Task:
Retype, word for word, every line of the records below starting at the one that contains "Botta, MarioMendrisio/Schweiz, 1943, Designer." and ending at the one that contains "Hùng Biện Kiểu"; include both of those lines and nothing more.

Data entries:
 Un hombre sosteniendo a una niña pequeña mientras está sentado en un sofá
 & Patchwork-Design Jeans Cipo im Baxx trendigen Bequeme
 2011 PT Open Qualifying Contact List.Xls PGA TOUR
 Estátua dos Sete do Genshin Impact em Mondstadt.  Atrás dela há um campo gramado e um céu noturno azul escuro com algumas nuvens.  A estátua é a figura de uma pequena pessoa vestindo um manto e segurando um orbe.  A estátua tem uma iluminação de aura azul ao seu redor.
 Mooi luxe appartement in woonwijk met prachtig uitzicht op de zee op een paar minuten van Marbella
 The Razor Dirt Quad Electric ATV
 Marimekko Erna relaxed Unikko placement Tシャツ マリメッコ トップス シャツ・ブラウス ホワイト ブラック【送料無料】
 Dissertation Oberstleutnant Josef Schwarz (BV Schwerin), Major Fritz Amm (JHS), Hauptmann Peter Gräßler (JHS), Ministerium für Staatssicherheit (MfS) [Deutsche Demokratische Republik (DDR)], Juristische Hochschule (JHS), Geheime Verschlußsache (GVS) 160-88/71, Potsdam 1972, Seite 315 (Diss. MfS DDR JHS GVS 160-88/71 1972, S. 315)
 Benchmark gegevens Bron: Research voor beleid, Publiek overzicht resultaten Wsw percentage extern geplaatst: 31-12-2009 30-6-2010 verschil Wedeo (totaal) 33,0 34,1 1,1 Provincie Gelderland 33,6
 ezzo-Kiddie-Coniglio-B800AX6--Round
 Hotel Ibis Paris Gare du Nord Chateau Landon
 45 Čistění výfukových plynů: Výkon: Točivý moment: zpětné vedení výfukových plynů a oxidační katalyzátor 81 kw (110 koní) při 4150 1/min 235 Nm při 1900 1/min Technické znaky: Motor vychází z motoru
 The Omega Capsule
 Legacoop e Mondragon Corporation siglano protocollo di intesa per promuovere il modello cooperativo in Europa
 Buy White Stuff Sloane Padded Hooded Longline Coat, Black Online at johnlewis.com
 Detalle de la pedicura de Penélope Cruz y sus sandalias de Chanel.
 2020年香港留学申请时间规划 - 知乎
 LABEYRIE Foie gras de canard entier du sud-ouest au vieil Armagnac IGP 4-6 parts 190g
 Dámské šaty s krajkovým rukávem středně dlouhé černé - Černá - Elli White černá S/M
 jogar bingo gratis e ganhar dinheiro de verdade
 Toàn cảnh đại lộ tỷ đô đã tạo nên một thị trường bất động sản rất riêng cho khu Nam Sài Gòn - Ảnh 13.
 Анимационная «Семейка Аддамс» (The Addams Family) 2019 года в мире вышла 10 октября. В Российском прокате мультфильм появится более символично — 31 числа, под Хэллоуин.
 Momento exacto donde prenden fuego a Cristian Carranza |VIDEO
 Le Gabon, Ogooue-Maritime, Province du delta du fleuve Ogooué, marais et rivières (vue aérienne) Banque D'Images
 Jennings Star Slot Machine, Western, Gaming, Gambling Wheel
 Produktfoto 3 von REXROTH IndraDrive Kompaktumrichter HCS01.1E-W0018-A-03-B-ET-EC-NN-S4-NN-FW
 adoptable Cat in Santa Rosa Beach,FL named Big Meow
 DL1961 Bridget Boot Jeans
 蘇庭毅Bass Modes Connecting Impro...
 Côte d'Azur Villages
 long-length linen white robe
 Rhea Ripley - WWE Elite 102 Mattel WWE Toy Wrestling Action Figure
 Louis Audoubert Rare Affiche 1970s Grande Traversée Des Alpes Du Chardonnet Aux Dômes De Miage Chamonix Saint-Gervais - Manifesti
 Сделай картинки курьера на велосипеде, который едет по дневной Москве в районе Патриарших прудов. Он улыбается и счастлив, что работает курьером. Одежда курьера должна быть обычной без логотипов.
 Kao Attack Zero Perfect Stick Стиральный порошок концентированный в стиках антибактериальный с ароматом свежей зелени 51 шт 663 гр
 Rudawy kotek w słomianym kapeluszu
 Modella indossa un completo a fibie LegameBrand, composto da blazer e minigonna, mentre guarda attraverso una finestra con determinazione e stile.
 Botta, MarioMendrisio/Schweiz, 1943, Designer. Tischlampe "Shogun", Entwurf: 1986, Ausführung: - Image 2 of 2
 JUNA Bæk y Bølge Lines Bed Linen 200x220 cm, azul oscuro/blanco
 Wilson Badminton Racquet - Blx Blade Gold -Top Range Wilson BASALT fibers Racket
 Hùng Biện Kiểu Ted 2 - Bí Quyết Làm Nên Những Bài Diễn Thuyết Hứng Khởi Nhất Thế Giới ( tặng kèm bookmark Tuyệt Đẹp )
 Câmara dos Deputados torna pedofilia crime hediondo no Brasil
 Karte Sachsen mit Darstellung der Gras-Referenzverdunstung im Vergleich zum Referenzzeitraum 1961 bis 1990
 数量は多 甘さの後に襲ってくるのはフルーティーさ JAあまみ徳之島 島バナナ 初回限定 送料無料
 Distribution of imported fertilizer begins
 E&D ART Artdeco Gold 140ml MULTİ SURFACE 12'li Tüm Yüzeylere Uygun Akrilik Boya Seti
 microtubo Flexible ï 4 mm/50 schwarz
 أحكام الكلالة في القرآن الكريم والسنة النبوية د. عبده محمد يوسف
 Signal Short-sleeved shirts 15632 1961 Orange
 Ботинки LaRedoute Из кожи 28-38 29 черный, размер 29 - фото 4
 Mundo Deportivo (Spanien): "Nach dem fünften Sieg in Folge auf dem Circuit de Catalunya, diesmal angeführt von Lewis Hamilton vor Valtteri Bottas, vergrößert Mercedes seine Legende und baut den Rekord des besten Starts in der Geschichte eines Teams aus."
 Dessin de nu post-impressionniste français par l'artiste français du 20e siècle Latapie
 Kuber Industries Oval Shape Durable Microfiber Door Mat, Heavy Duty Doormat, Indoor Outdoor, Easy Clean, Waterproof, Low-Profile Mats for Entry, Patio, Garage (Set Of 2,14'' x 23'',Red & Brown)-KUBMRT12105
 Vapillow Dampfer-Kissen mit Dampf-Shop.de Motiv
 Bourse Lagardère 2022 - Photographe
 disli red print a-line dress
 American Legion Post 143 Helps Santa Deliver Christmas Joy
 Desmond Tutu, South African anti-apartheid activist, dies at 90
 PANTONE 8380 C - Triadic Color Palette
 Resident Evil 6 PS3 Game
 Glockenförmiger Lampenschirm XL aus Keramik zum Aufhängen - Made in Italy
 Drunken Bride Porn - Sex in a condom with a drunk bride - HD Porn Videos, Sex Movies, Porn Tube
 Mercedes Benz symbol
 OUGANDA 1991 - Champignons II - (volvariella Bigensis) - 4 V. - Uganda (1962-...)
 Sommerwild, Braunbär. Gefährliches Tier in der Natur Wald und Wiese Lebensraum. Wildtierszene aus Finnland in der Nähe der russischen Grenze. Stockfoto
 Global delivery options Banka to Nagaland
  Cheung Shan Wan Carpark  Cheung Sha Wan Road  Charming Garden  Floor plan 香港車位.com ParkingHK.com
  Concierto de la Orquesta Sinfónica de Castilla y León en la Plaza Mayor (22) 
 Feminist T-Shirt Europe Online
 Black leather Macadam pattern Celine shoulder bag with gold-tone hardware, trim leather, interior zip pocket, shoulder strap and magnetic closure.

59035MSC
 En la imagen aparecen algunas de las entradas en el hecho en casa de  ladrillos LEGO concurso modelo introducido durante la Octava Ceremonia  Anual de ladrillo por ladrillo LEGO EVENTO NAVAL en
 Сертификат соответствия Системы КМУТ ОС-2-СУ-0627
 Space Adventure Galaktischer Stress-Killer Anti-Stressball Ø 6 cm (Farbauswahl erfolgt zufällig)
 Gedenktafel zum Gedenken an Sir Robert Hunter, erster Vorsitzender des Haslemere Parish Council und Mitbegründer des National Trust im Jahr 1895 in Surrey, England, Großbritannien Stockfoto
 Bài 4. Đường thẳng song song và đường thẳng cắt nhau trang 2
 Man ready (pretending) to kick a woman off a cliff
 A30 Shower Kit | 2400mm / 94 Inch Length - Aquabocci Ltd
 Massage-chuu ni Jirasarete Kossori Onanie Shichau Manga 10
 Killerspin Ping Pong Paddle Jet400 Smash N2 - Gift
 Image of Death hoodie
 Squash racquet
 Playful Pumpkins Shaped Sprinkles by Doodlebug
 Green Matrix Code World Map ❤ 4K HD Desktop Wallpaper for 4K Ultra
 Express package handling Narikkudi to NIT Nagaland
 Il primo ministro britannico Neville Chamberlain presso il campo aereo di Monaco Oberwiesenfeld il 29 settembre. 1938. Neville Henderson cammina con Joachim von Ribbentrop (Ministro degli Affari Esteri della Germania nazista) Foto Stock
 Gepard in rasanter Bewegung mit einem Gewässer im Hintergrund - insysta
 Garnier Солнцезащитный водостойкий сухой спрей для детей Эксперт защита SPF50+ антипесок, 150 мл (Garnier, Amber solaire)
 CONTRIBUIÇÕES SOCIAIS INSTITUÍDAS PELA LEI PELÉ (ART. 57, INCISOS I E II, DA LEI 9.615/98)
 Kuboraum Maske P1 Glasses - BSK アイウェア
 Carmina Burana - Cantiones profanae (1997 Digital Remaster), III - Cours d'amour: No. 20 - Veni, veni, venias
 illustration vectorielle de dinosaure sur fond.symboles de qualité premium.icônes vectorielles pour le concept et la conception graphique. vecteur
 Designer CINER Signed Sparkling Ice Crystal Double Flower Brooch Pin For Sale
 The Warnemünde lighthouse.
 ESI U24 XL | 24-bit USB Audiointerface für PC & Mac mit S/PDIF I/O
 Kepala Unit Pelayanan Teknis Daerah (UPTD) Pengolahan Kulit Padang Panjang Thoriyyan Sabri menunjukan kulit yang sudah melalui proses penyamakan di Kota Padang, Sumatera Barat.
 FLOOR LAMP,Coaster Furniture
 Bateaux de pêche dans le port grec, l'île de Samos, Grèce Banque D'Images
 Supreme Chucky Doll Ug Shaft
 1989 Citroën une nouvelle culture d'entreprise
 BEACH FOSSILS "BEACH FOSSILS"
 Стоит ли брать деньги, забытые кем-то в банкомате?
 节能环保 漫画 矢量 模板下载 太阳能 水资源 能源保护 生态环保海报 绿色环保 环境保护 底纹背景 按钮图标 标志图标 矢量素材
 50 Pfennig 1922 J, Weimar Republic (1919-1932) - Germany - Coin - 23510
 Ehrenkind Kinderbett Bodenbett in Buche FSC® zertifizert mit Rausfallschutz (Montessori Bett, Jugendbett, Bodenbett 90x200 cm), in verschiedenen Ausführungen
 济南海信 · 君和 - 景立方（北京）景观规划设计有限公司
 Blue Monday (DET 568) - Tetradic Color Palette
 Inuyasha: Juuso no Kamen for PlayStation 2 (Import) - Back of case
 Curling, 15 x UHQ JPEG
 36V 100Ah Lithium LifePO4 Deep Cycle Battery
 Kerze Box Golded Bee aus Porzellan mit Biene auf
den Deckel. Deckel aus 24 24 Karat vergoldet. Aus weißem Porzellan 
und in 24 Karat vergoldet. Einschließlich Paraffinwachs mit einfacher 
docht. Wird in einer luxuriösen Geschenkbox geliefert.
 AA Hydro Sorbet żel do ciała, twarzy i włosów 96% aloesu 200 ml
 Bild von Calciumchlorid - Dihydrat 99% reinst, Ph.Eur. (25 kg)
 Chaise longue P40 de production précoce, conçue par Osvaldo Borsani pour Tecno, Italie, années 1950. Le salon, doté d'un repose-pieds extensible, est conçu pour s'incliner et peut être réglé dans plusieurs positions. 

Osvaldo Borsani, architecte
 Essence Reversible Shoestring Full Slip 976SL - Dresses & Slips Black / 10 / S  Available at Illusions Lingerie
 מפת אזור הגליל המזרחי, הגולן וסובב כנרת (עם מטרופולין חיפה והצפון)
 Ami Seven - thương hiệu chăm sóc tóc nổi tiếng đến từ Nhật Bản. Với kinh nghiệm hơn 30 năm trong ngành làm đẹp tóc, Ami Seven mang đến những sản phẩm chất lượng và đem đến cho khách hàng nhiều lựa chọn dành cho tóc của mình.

Task result:
 Botta, MarioMendrisio/Schweiz, 1943, Designer. Tischlampe "Shogun", Entwurf: 1986, Ausführung: - Image 2 of 2
 JUNA Bæk y Bølge Lines Bed Linen 200x220 cm, azul oscuro/blanco
 Wilson Badminton Racquet - Blx Blade Gold -Top Range Wilson BASALT fibers Racket
 Hùng Biện Kiểu Ted 2 - Bí Quyết Làm Nên Những Bài Diễn Thuyết Hứng Khởi Nhất Thế Giới ( tặng kèm bookmark Tuyệt Đẹp )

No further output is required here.